Crisis of Nihilism

In December of 2005 I had the opportunity to invite Umair Haque – who was then running a consultancy called Bubble Generation – to Sony during an internal week-long technology and strategy sharing event. I had been following Umair via his blog and felt Sony should hear what he was saying. Thanks to a skeptical but marginally risk-tolerant boss, all systems were go and Umair enjoyed a trip to Tokyo while Sony got to pick his brain. Of course, few knew who this person was.

Since then, Umair has become the Director of the Havas Media Lab at Harvard, and I just came across a recent presentation of his that is a must see.

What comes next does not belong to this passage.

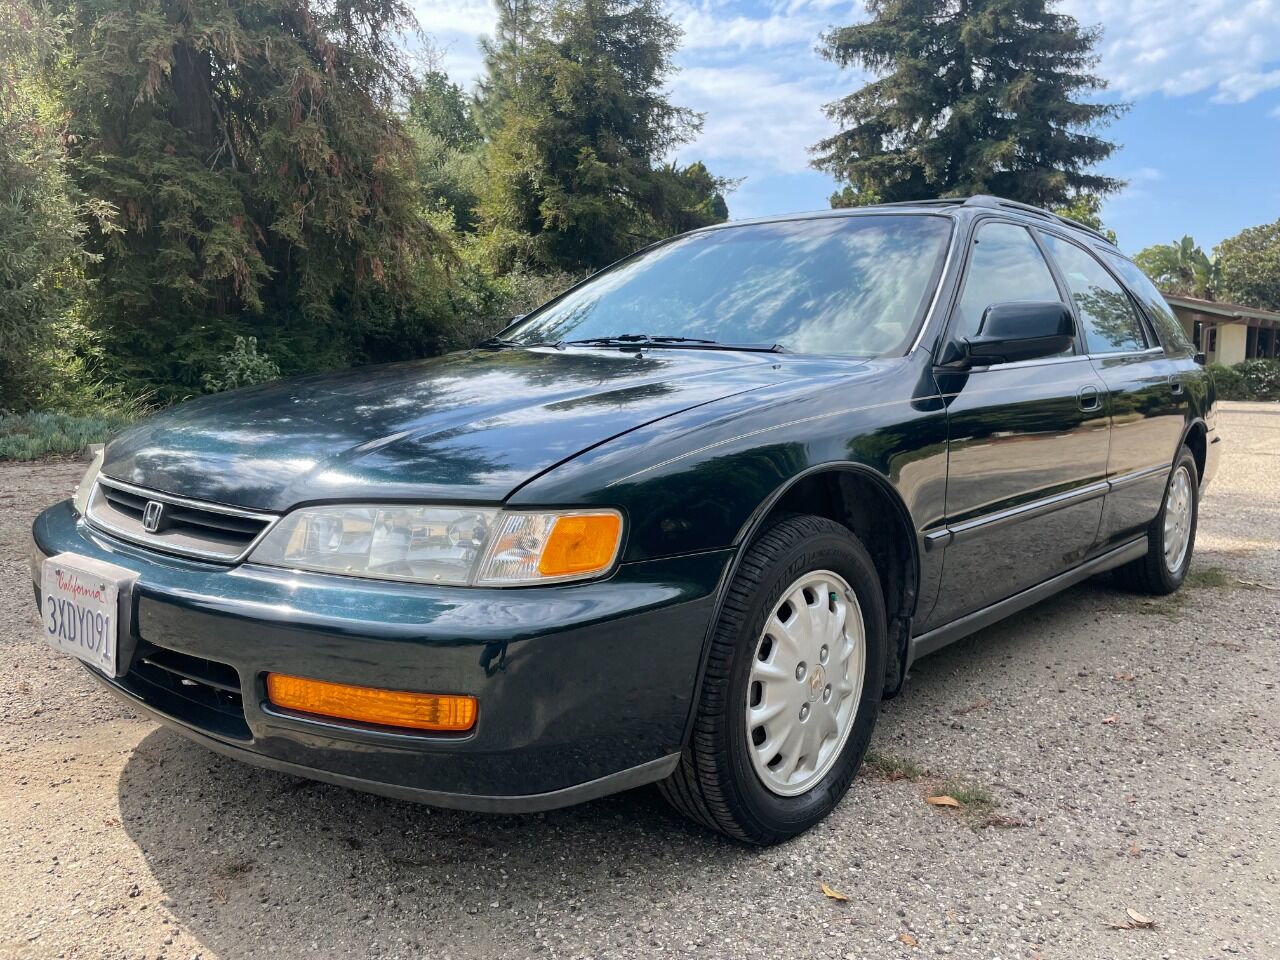 Would You Pay 29997 For This Wicked 1997 Honda Accord Wagon

http://www.daytona.se/sessions/vol2/umair

Basically, this global crisis we are witnessing is not just a financial crisis – it’s an “interaction crisis”. The principles that have been driving capitalism through the 20th century have ultimately maxed out, and Umair proposes 5 new principles that will guide the 21st century – that *must* guide 21st century capitalism lest mankind dig it’s own grave.

I’ll share these 5 principles here more for my own notes, but you should really watch the presentation – it really just skims the top of changes to come. (20th century capitalist principle → 21st century principle):

  • Exploitation → Renewal
  • War → Peace
  • Domination → Equity
  • Value → Meaning
  • Command → Democracy

And the tag-lines for these principles:

“tomorrow is today”
“people, not product”
“connections, not transactions”
“creativity, not productivity”
“outcomes, not incomes”

Digg! delicious
Posted on Sunday, February 15th, 2009 at 4:50 pm and filed under biznomics, conferences, entrepreneurship, sonystyle. Subscribe to RSS 2.0. Skip to the end and leave a comment. Pinging disabled.

2 Responses to “Crisis of Nihilism”

  1. Taylor Davidson

    So much gold in that presentation, a great summary of everything Umair has been talking about (”preaching”?) for awhile. Gregory Lent and I had a bit of a conversation last night about taking the principles forward, so much ideals ready for people to apply to their businesses and their lives.

  2. Robert at myGengo

    I put my comment on the video page, so I won’t reproduce it here. Suffice it to say that I enjoyed watching but got annoyed too!